In 1947, Woody Herman formed a band that included tenor saxophonists Stan Getz, Zoot Sims, and Herbie Steward, and baritone saxophonist Serge Chaloff. The result was the "Four Brothers" sound, in which four strong improvisers could still perform well as a coordinated, blended section. (Jimmy Giuffre composed "Four Brothers", which highlighted this group.) The Herman band's recording of "Early Autumn" launched Getz's career. Meanwhile, between 1946 and 1949, baritone saxophonist and arranger Gerry Mulligan, arranger Gil Evans, and alto saxophonist Lee Konitz were all working for the Claude Thornhill Orchestra, whose instrumentation included a French horn and tuba.
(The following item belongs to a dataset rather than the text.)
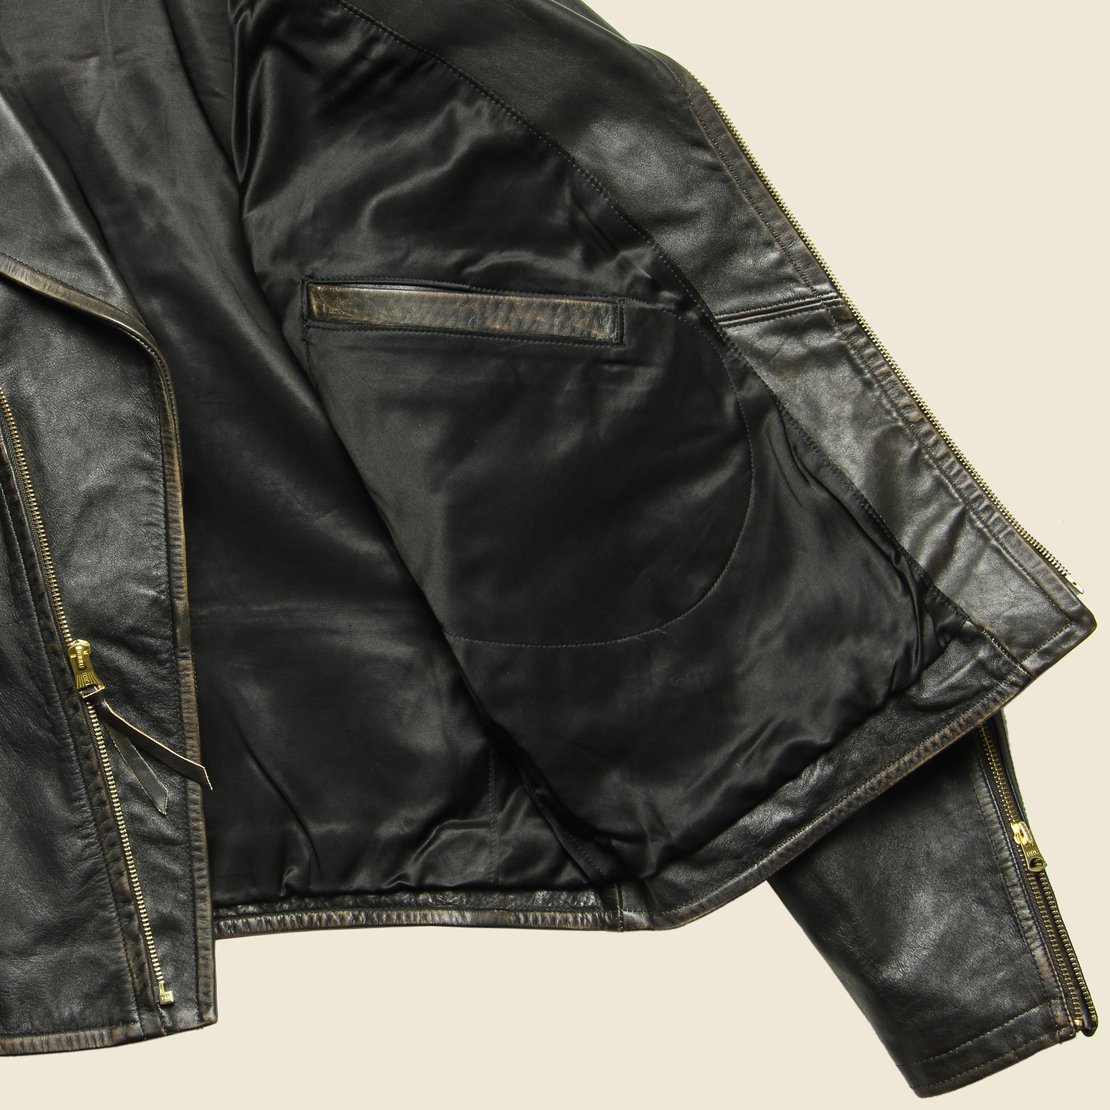 The "Lucky Tens" Hand-Painted Leather Jacket for STAG - RRL - STAG Provisions - Outerwear - Coat / Jacket

In 1948, Miles Davis formed a nonet including Mulligan, Konitz, and Evans from Thornhill's orchestra. Capitol Records recorded the group (at arranger Pete Rugolo's suggestion) in 1949 and 1950. These recordings, originally issued as 78 rpm records, were later compiled as Birth of the Cool (1957). Gerry Mulligan explained that the idea behind Davis's Nonet was not to get away from bebop, but "just to try to get a good little rehearsal band together. Something to write for.... As far as the 'Cool Jazz' part of it, all of that comes after the fact of what it was designed to be." As for Davis, his concern at the time was simply to play with a lighter sound, which he believed to be more expressive. Also his choice of notes suggested deliberation rather than wild exuberance.

The Miles Davis Nonet's existence was brief, consisting only of a two-week September 1948 engagement at the Manhattan's Royal Roost and the three recording dates that make up Birth of the Cool. These recordings were not widely appreciated until some years later. However, they prefigured the work of nonet members John Lewis and Gerry Mulligan.

John Lewis went on to co-found the Modern Jazz Quartet, who incorporated classical forms, such as the fugue, in their music. Tanner, Gerow, and Megill note that the Quartet "played classical forms quite precisely. For example, the fugues they played were truly baroque in form except that the exposition parts were improvised." While third stream music would combine classical elements with jazz, the Modern Jazz Quartet used these forms "just to play good, swinging, subtle jazz" and in pursuit of "the joy of collective improvisation and counterpoint."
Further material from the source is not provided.